Checking in on John Tesar's New Menu at Oak

I have to say that it was an exceedingly likable plate. The corn bisque evoked memories of my mother's creamed corn, and the fish that swam in it was cooked perfectly. A faint rosy hue peeked out from flesh that was soft, supple and juicy, and the skin was crisp like a fried snack from a plastic bag. The vegetables had lost some color, but they were still toothy and fresh. This is the sort of thing you could eat every day and not get too tired of it.

The Arctic char is just one of many new plates available at Oak. John Tesar announced he was taking over the kitchen back in January, and his new menu was unveiled recently. A few dishes from the old regime remain, but it looks like he's conducted a complete rewrite.

Steamed dumplings stuffed with tofu and mushrooms are a standout because, really, even most bad dumplings taste good. So does the squid ink pasta, as Tesar has turned out a number of exemplary pasta dishes at Knife and the now defunct (I'm still in mourning) Spoon.

There's more seafood if you're missing John Tesar's old Preston Hollow restaurant. A halibut dish pairs a second seared fish with a black-eyed pea salad. Sunchokes get blended into baby food instead of corn on that plate. There's also sea scallops with chermoula, and oysters done up with ornate garnishes like they're headed to the opera.

I was dining alone, so I didn't get to dive into any of the meat dishes, but if they're handled at all like they've been handled at Knife, you should be safe. Braised pork shanks and beef cheeks sound a little heavy for spring, but what the hell? You can have the salad next time.

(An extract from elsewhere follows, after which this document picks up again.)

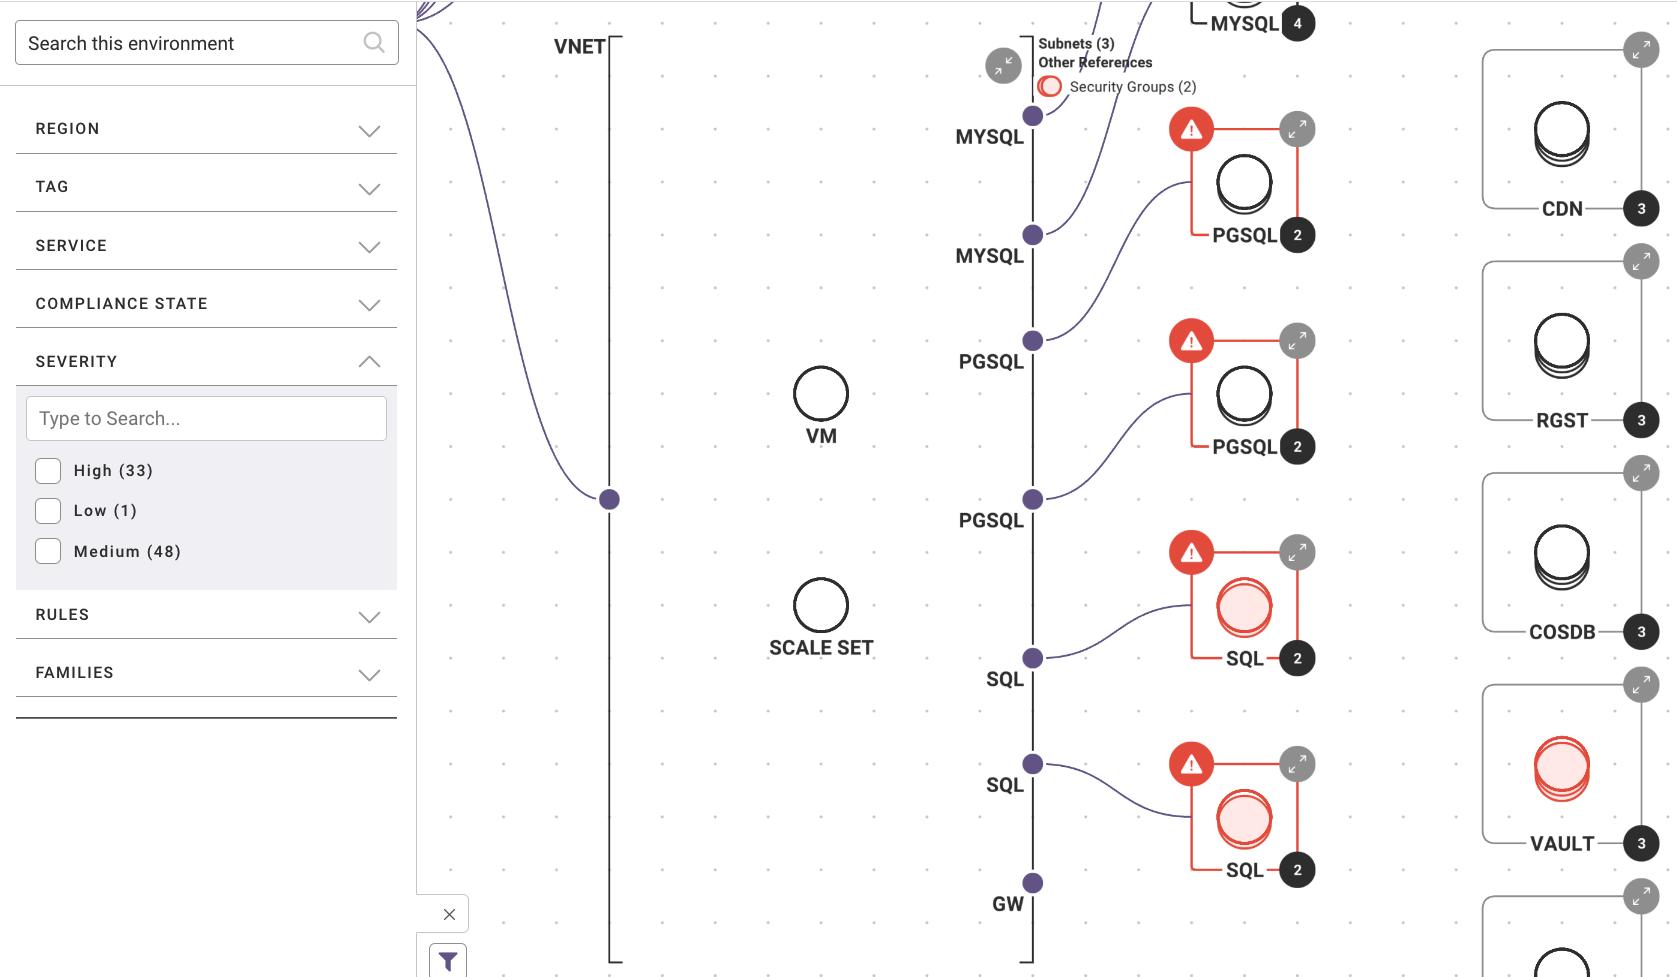 Resource Visualizer 1 - Vulnerabilities

As before, Katie McKeown is behind the bar, whipping up cocktails with tools that include barrels, cotton candy machines and other mad scientist equipment. And I also noticed that the restaurant offers teas curated by the Cultured Cup. Don't miss out on one of the best tea menus in the city.

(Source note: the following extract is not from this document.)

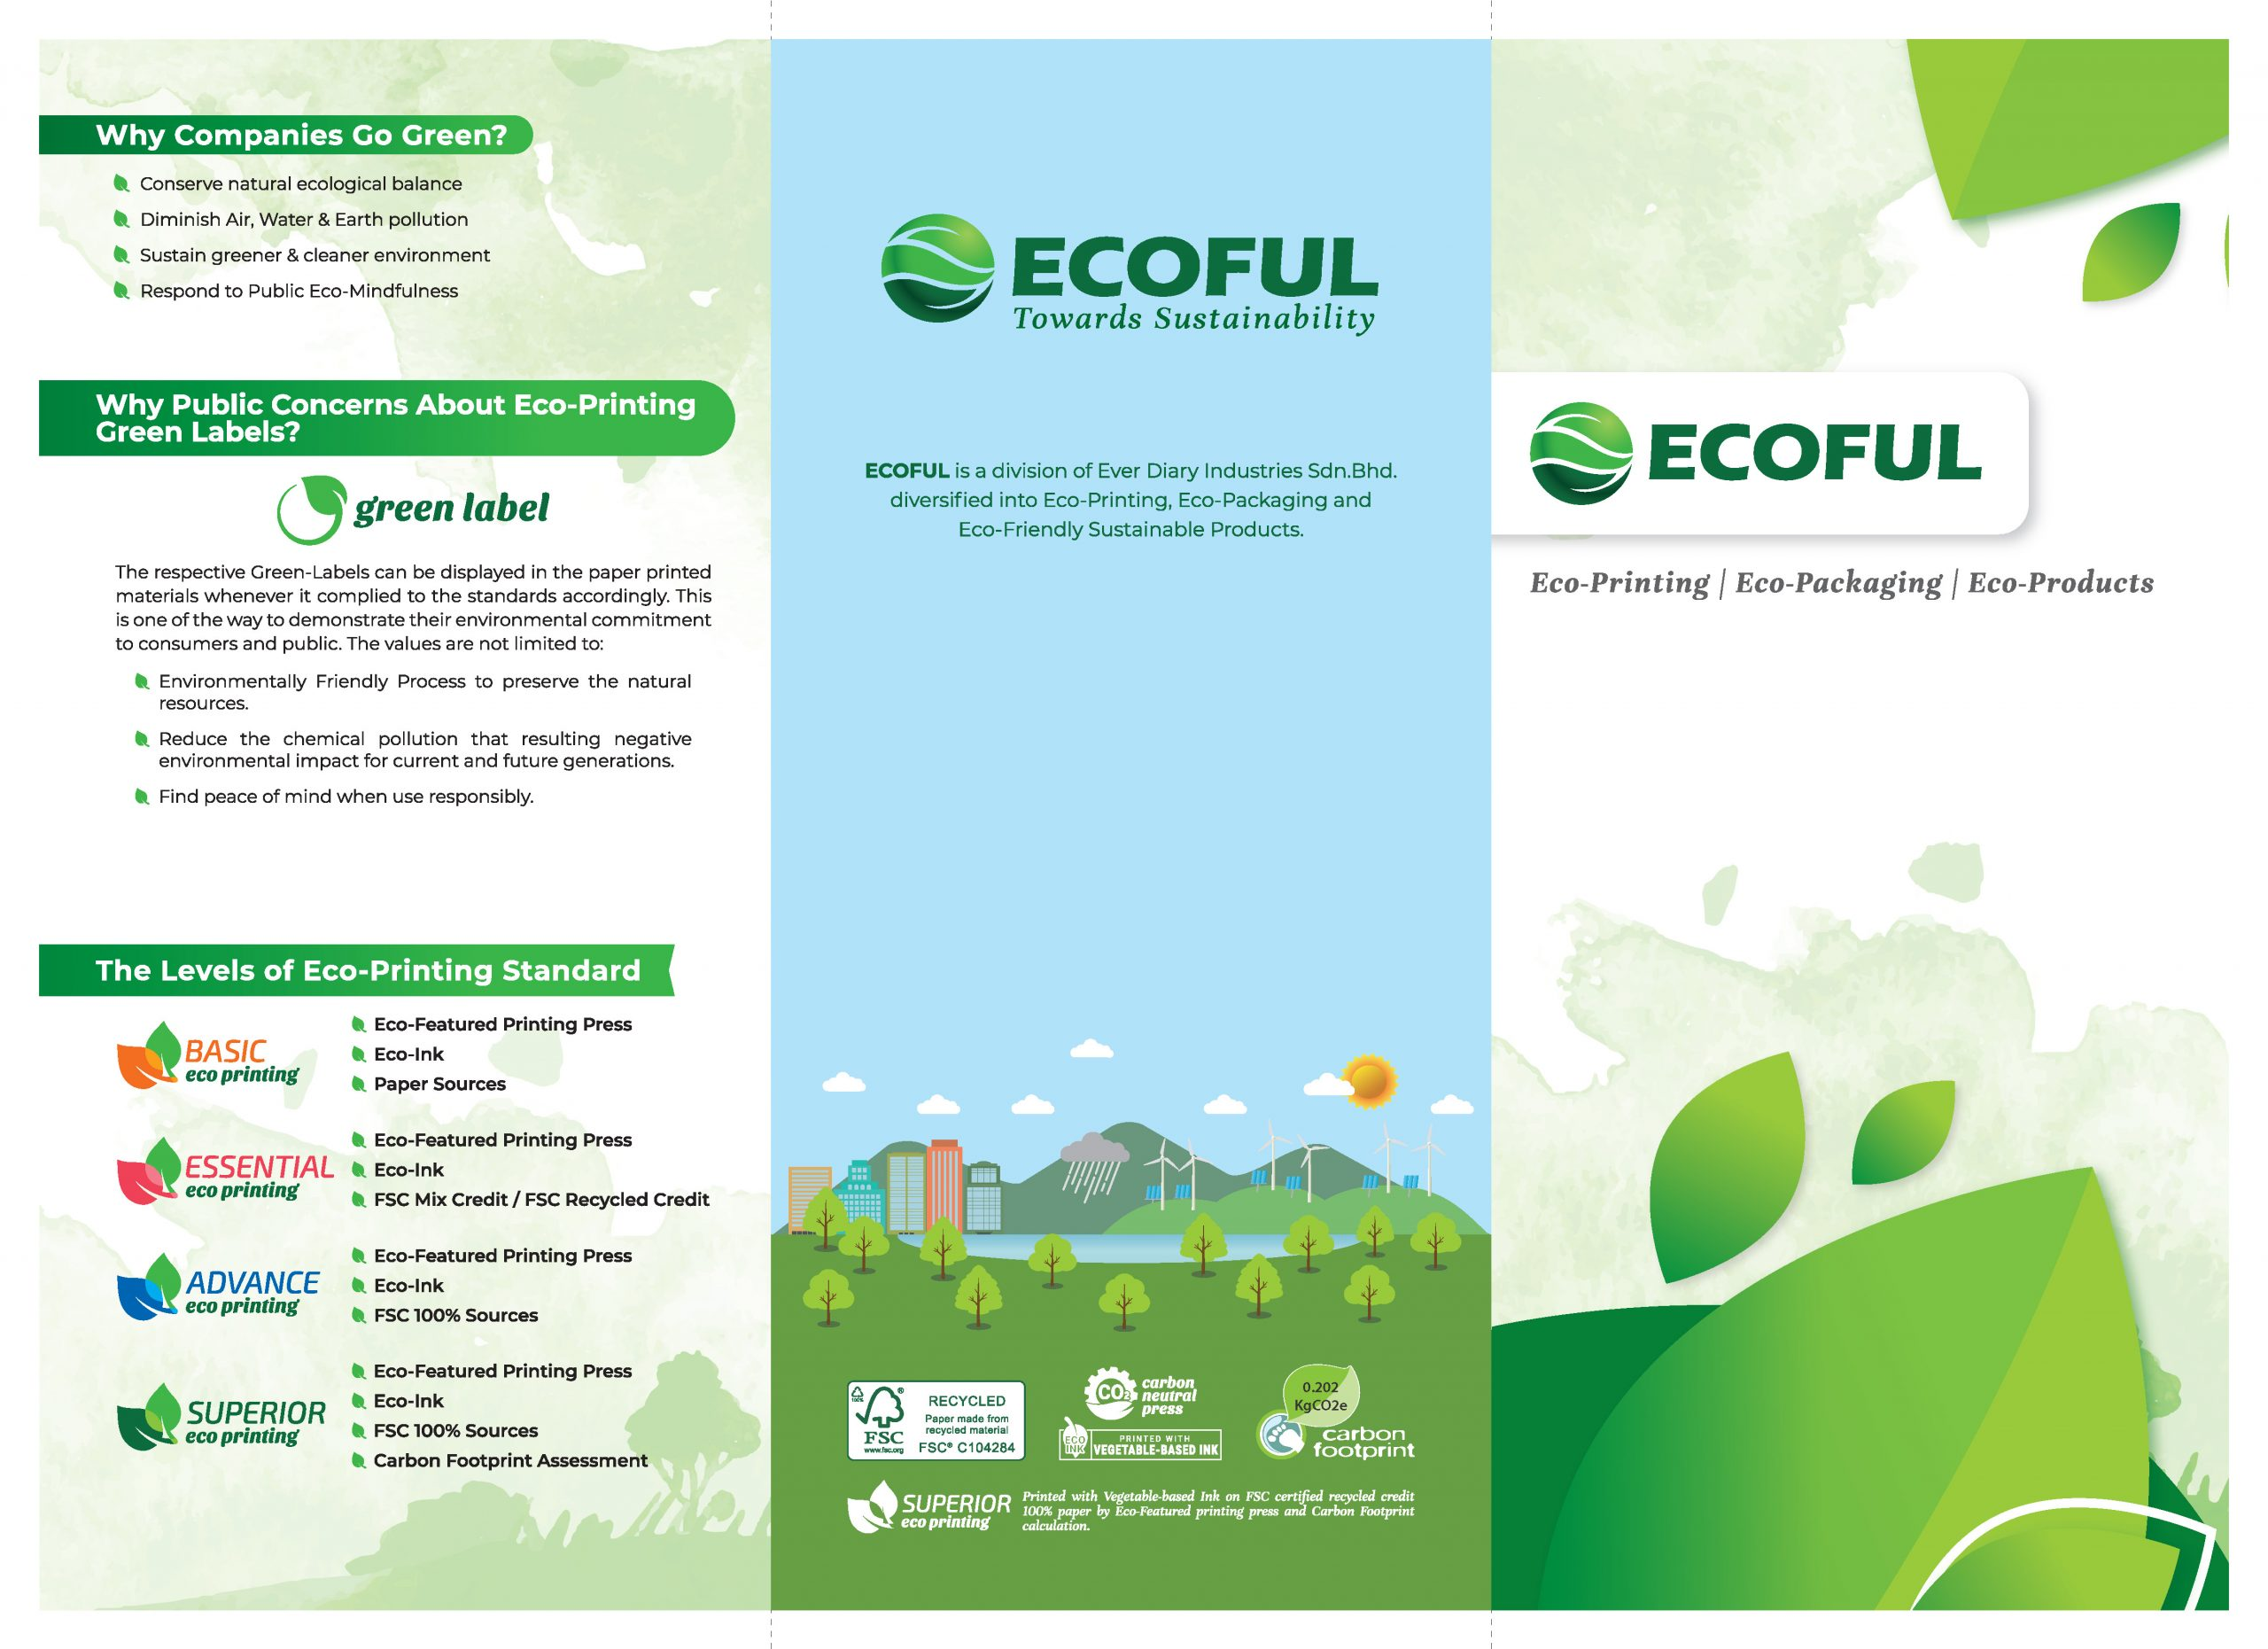 Ecoful_Brochure_NEW (1)_Page_1

If you've been looking for a reason to revisit Oak, you've certainly been given one. Still, things have felt a little sleepy at the Design District restaurant the last two times I've visited. It could be I picked an off lunch and weekday dinner service, or it could be an indication of something else. Tesar's presence has definitely given new life to the menu; let's see whether that energy carries all the way out into the dining room in a lasting way.